The first time ice-nine is mentioned is on pages 42-43, when the main character talks to an associate of "Father" about "Father." The main character is at this time trying to write a documentry on "the human aspect" of creating the nuclear bomb. The associate tell's a story of when a marine general interupted "Father's" lunch break to ask him if there was a way to solidify mud so that the marines could trek across it with more ease and efficiency then wadding through it. This is where "Father" makes up the idea of ice-nine to get the general to go away. After that, "Father" decides to make ice-nine. The associate does not know that "Father" made it. The only people who do know at that current time are his three children who become very important as the story progresses. The main character of the future (the one who is supposedly writing the book, aka the fake author) dedicates two pages talking about how ice-nine is real.

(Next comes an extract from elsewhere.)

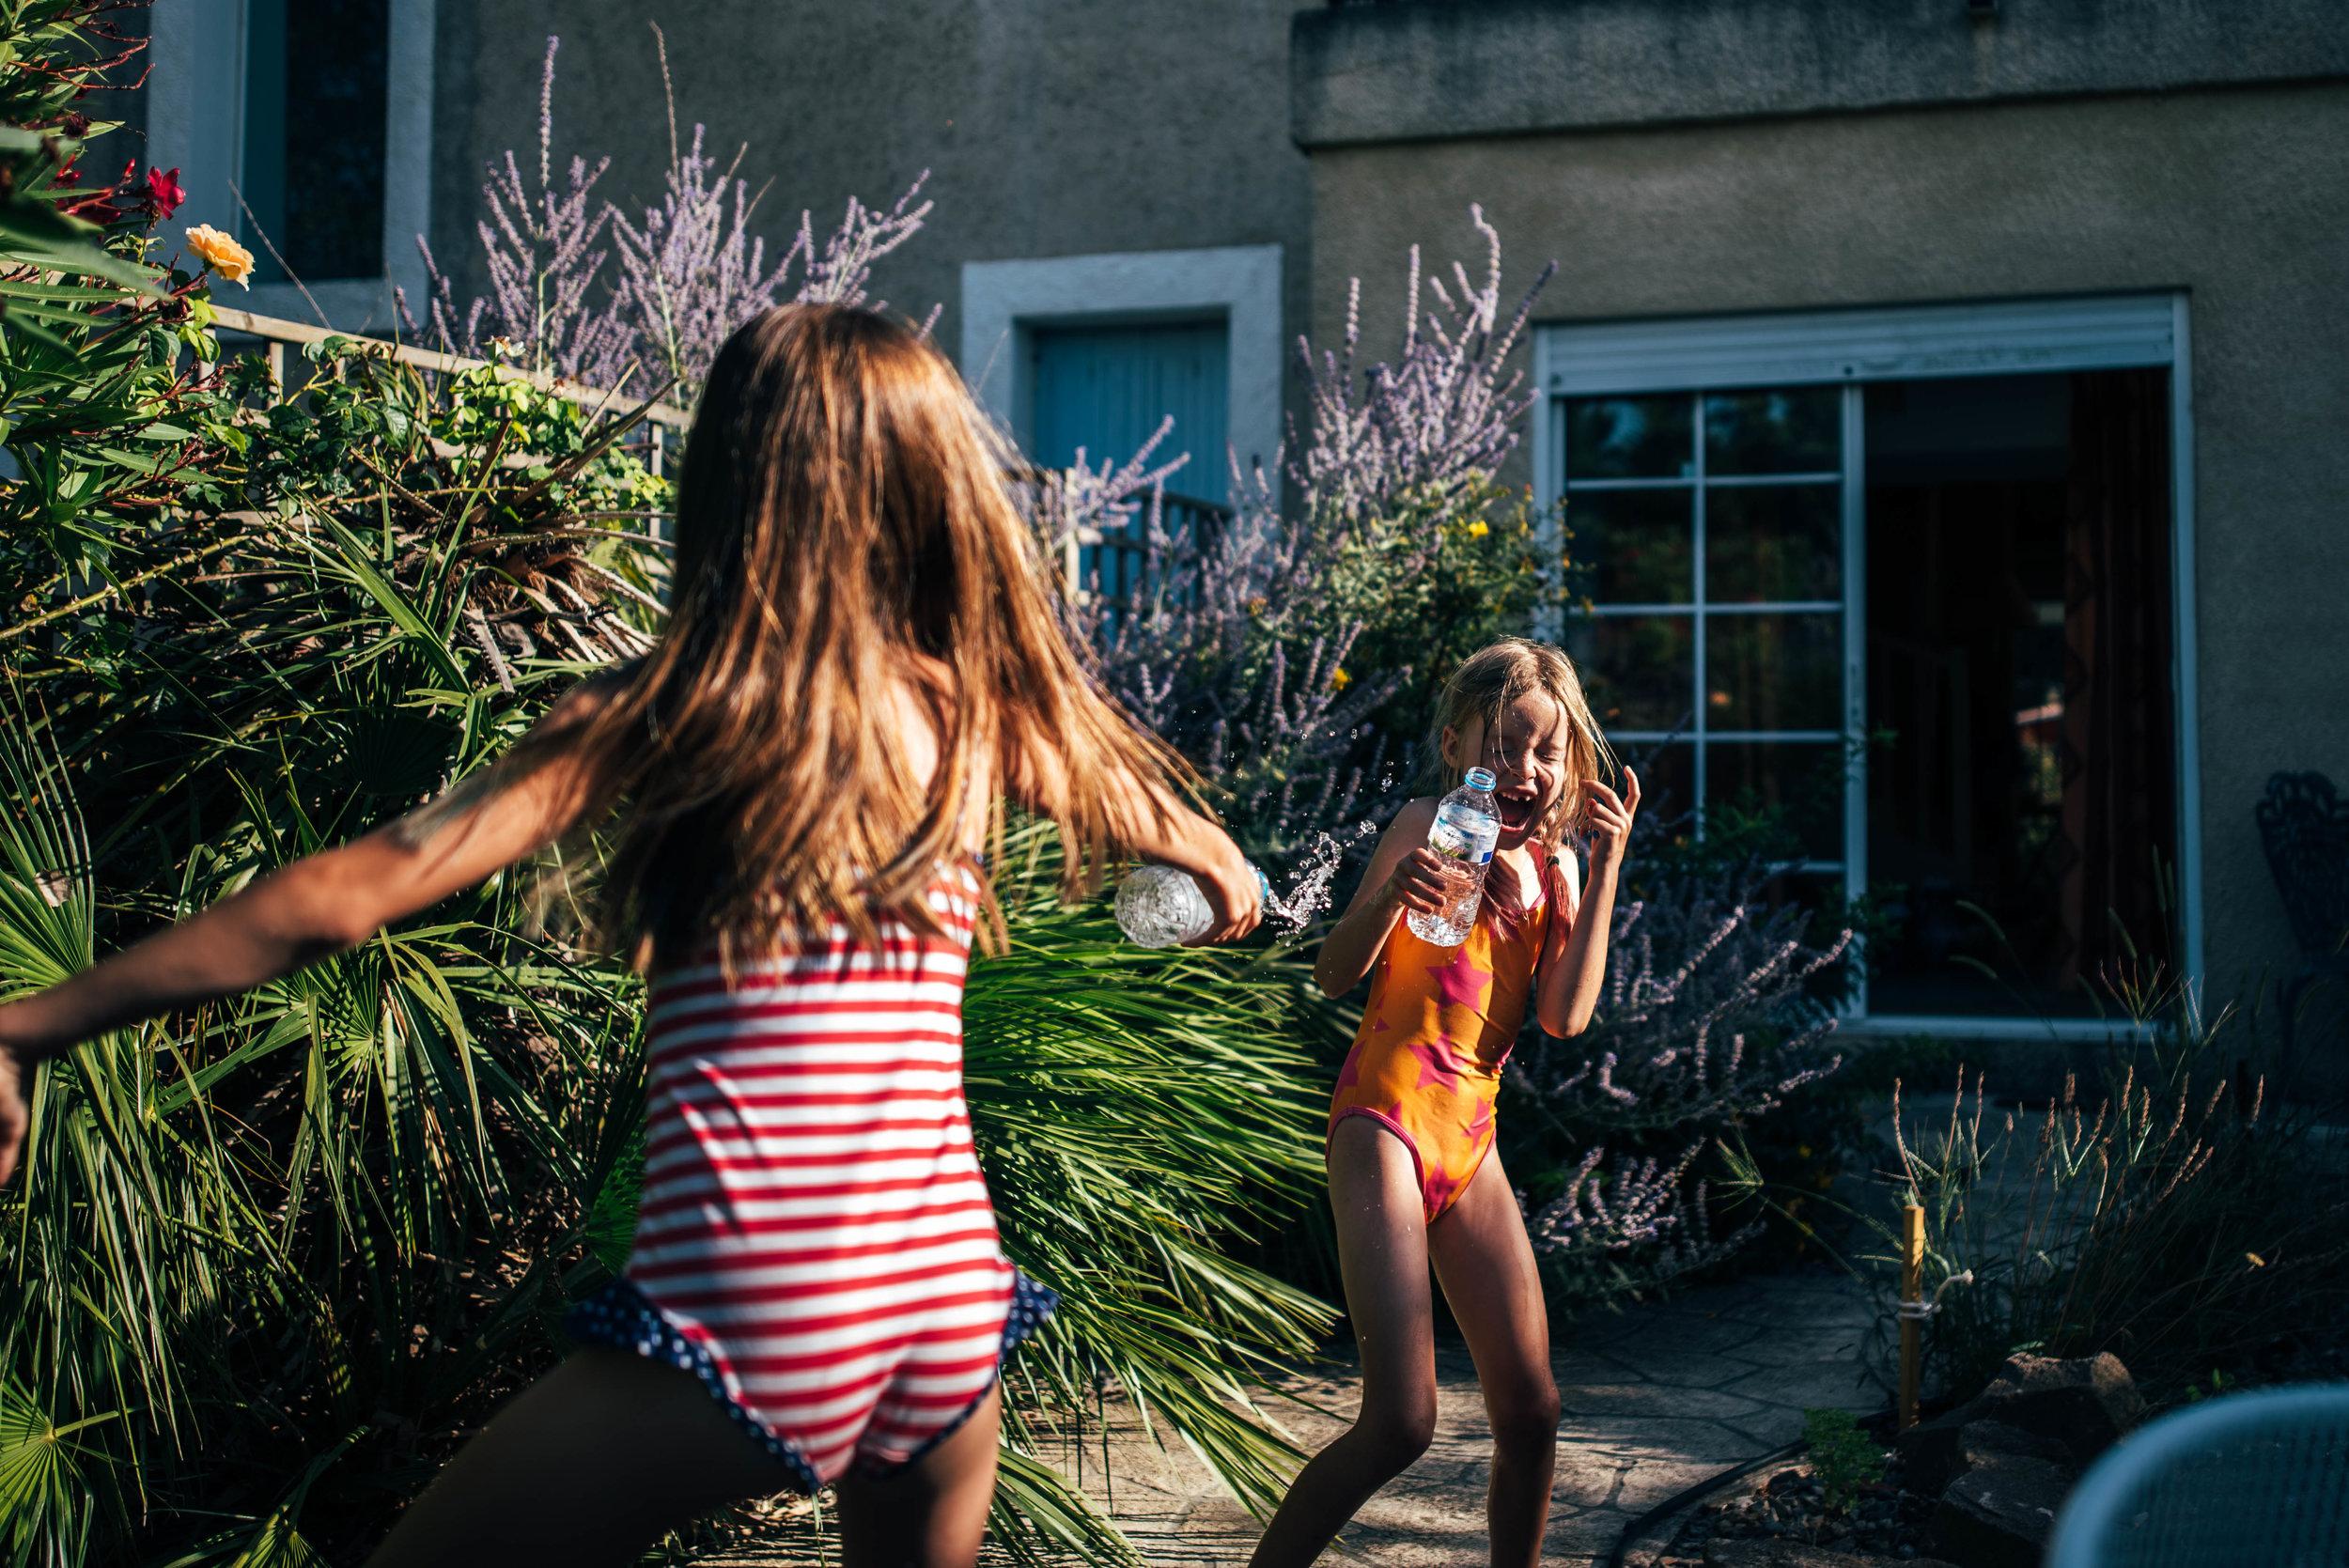 Girls have water fight in garden Essex UK Documentary Photographer

The next time it is mentioned is when the fake author is on a plane to San Lorenzo, and he meets Newton and Angela, the youngest son and eldest daughter of "Father." They talk and chat of thing irreverent to ice-nine, but at the end the author mentions "that the son of a bitch had a piece of ice-nine in his thermos bottle in his luggage, and so did his miserable sister, while under us was God's own amount of water, the Caribbean Sea [pg. 111]." The main charecter does not hate Newton at all. Newton is a friendly 20-something year old midget. He said the words "son of a bitch" most likely in either a playful, or scoldful way (scoldful being because he was so careless with it, the thermos was all that was protecting humanity, and all living things on earth).

The main character would not speak of ice-nine with such anger and passion if it was of no significance. I expect ice-nine to make its grand appearance, threatening all of humanity soon.